Example 3: obtaining the notoginseng transcription regulation map by using the medicinal plant transcription regulation map prediction method based on the graph convolution network
Referring to the method for predicting the transcription regulation and control map of the medicinal plant as described in example 1, the transcription regulation and control map of notoginseng is predicted. The method comprises the steps of downloading pseudo-ginseng transcriptome sequencing samples from an SRA database of NCBI, wherein platform numbers are SRP045917, SRP082250, SRP082995, SRP091819, SRP100663, SRP105080, SRP316468, SRP151328, SRP293477 and SRP300593, finding a whole genus pedigree of a pseudo-ginseng genome from a Taxonom Browser database of NCBI, performing analogy search on near and distant species which have a transcription regulation relation with a plantatTFDB database, and selecting pseudo-ginseng near-source species as carrot, potato, spirulina, tomato, boea densita, sesame and eggplant. The obtained panax notoginseng transcription control map effect is shown in figure 7.
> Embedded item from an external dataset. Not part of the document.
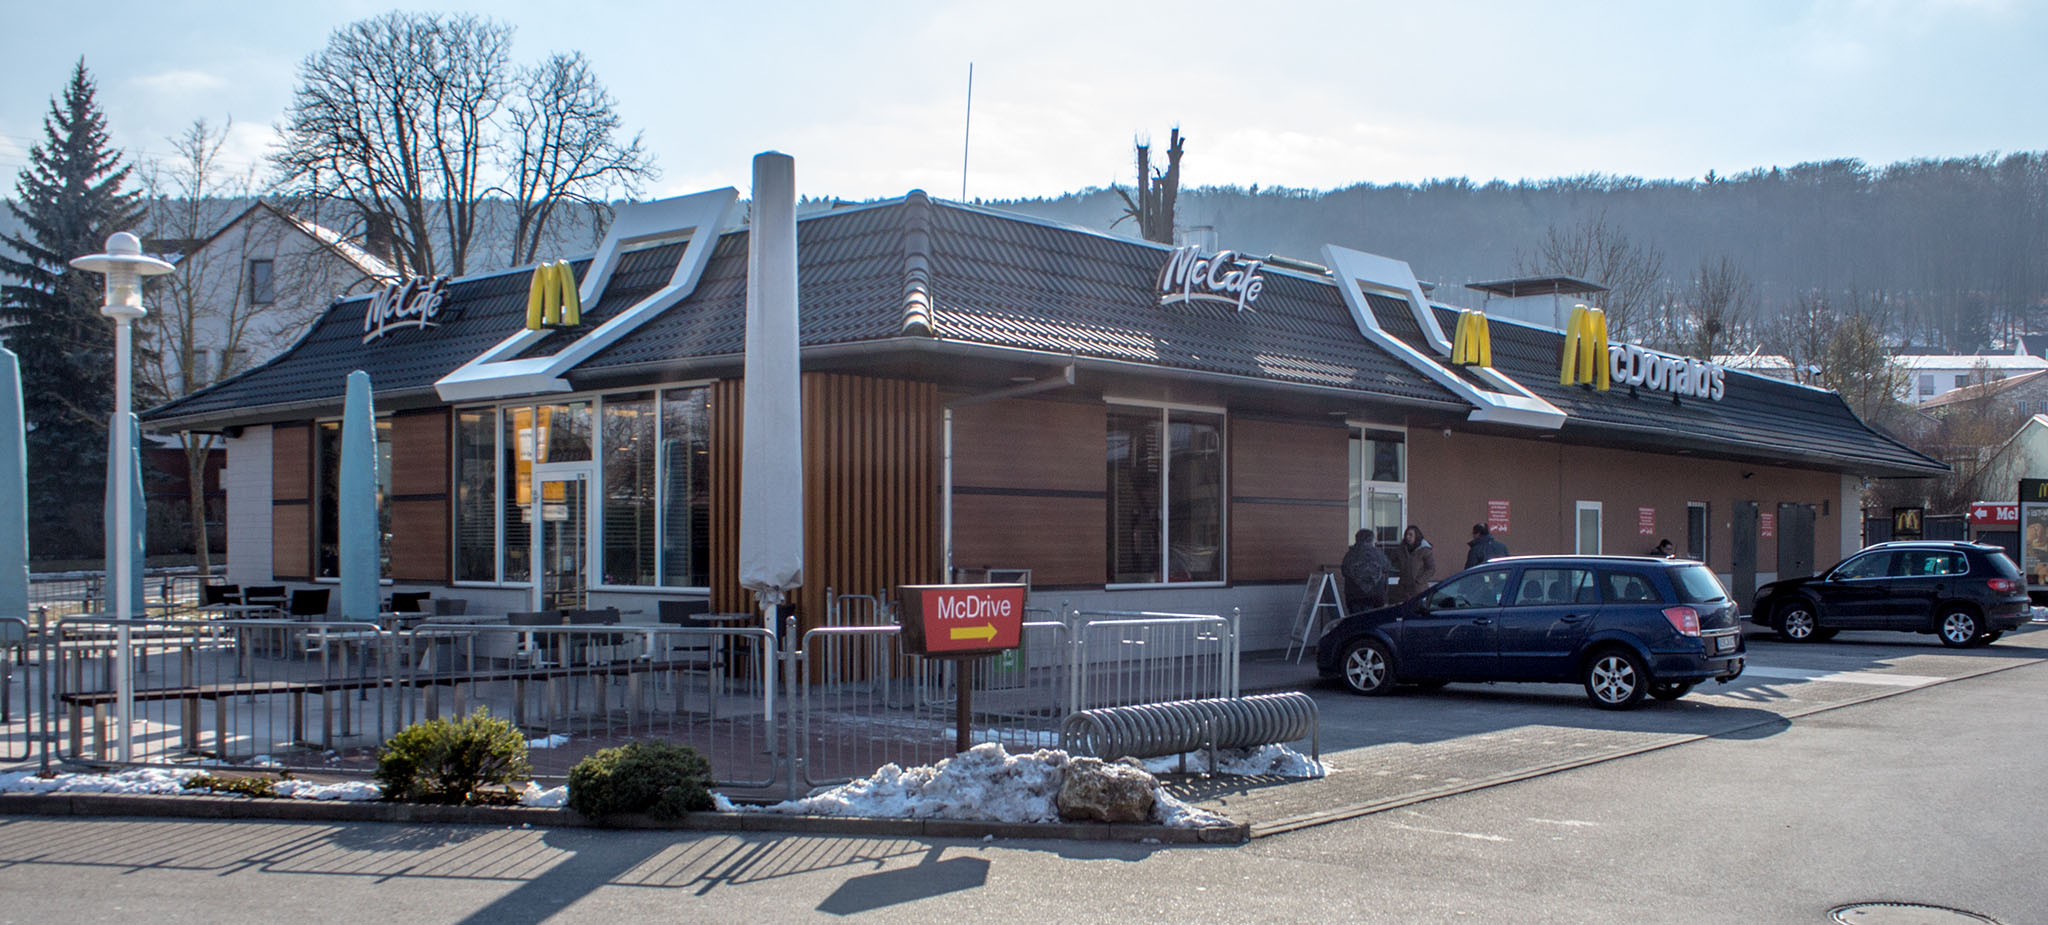 Das McDonald’s-Restaurant in Kelheim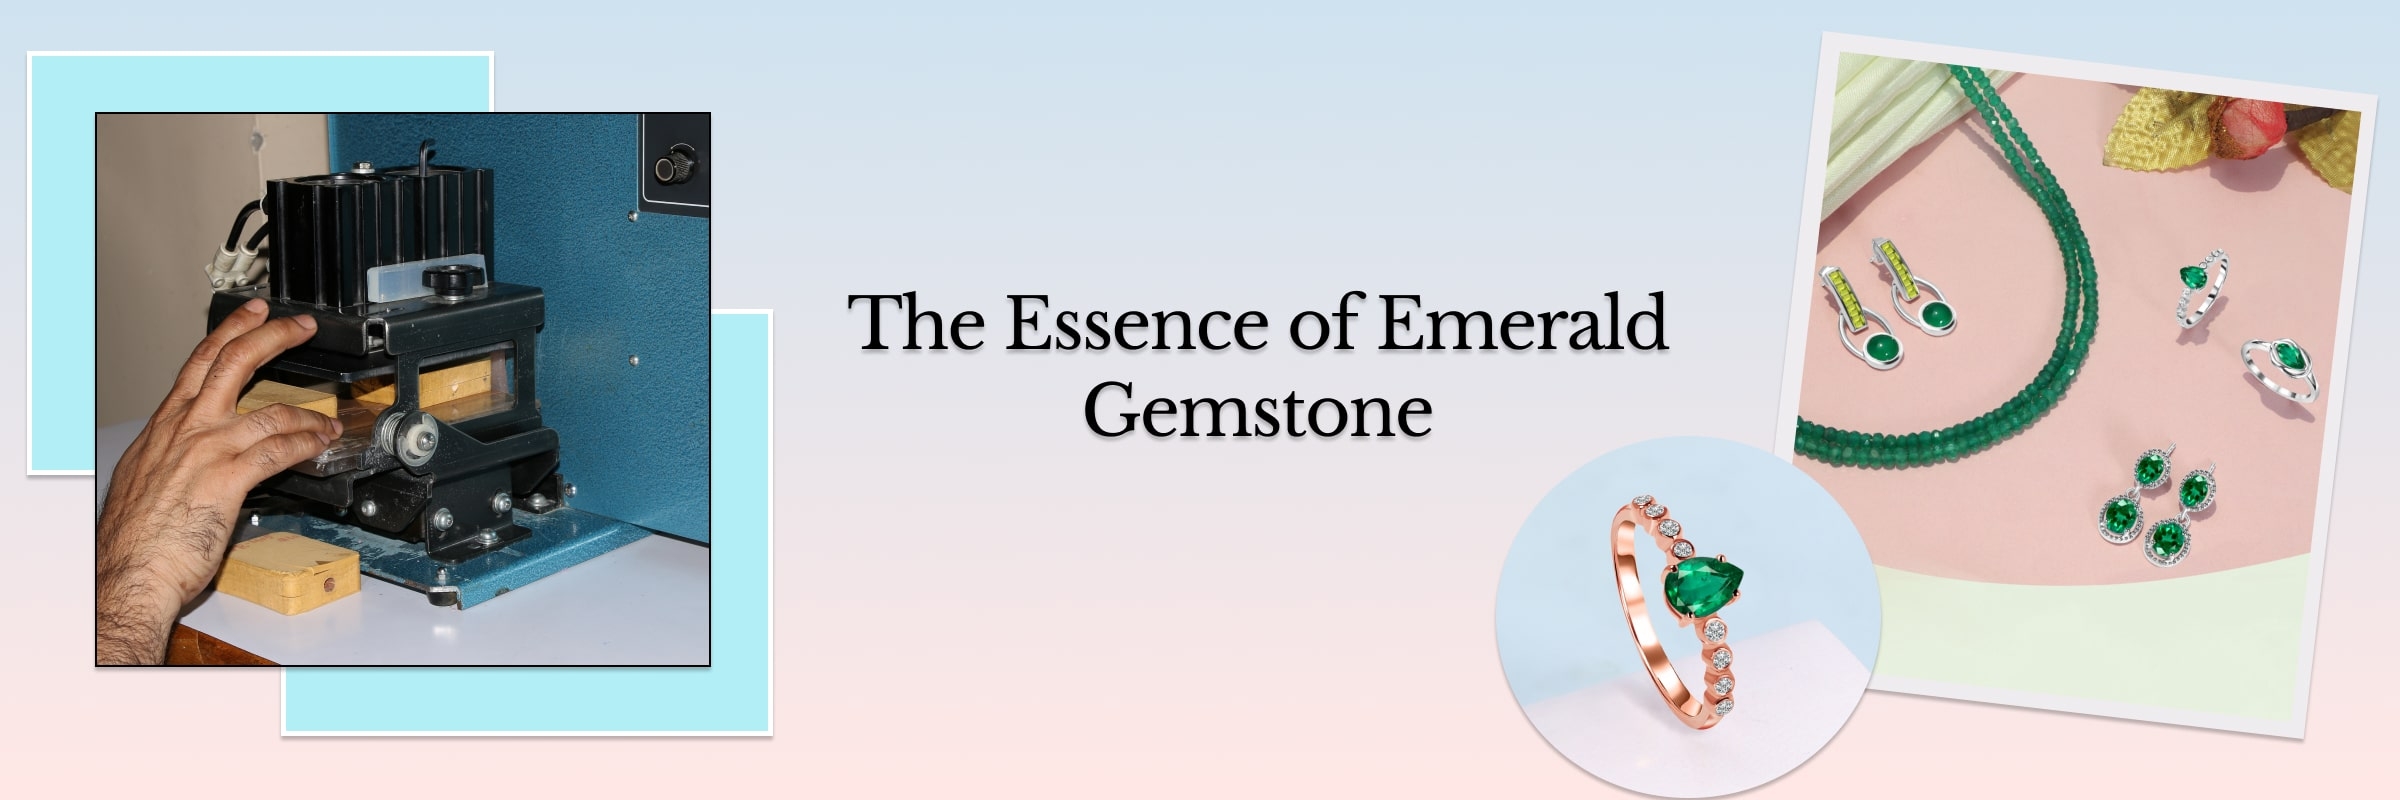 What is Emerald Gemstone, Basically?

Example 4: pinellia ternata transcription regulation map obtained by using medicinal plant transcription regulation map prediction method based on graph convolution network
Referring to the method for predicting the transcription regulation map of medicinal plants described in example 1, the transcription regulation map of pinellia ternata was predicted. Downloading pinellia ternate transcriptome sequencing samples from an SRA database of NCBI, wherein platform numbers are SRP233223, SRP255725, SRP126709, SRP182920 and SRP215828, finding a whole genus pedigree of a pinellia ternate genome from a Taxonomy Browser database of NCBI, performing analogy search on species which have a transcription regulation and control relationship with a plantatTFDB database from near to far, and selecting pinellia ternate near-source species of corn, barley, sorghum, wheat, wild rice, leersia hexandra and Wularg map wheat. The final obtained pinellia ternata transcriptional control map effect is shown in figure 8.
Example 5: rehmannia glutinosa transcription regulation and control map obtained by medicinal plant transcription regulation and control map prediction method based on graph convolution network
Referring to the method for predicting the transcription regulation map of medicinal plants described in example 1, the transcription regulation map of rehmannia glutinosa is predicted. Downloading rehmannia transcriptome sequencing samples from an SRA database of NCBI, wherein the platform numbers are SRP348149, SRP103641, SRP168980, SRP242653, SRP036150 and SRP261047, finding out a whole genus pedigree of a rehmannia genome from a Taxonom Browser database of the NCBI, performing analogy search on species which have a transcription regulation and control relationship with a plantatTFDB database from near and far, and selecting rehmannia proximal species as spirulina, leoparus mitochondrus, boea rosea, sesame, potato and coffea canephora. The obtained rehmannia glutinosa libosch transcription control pattern has similar effect as shown in FIG. 9.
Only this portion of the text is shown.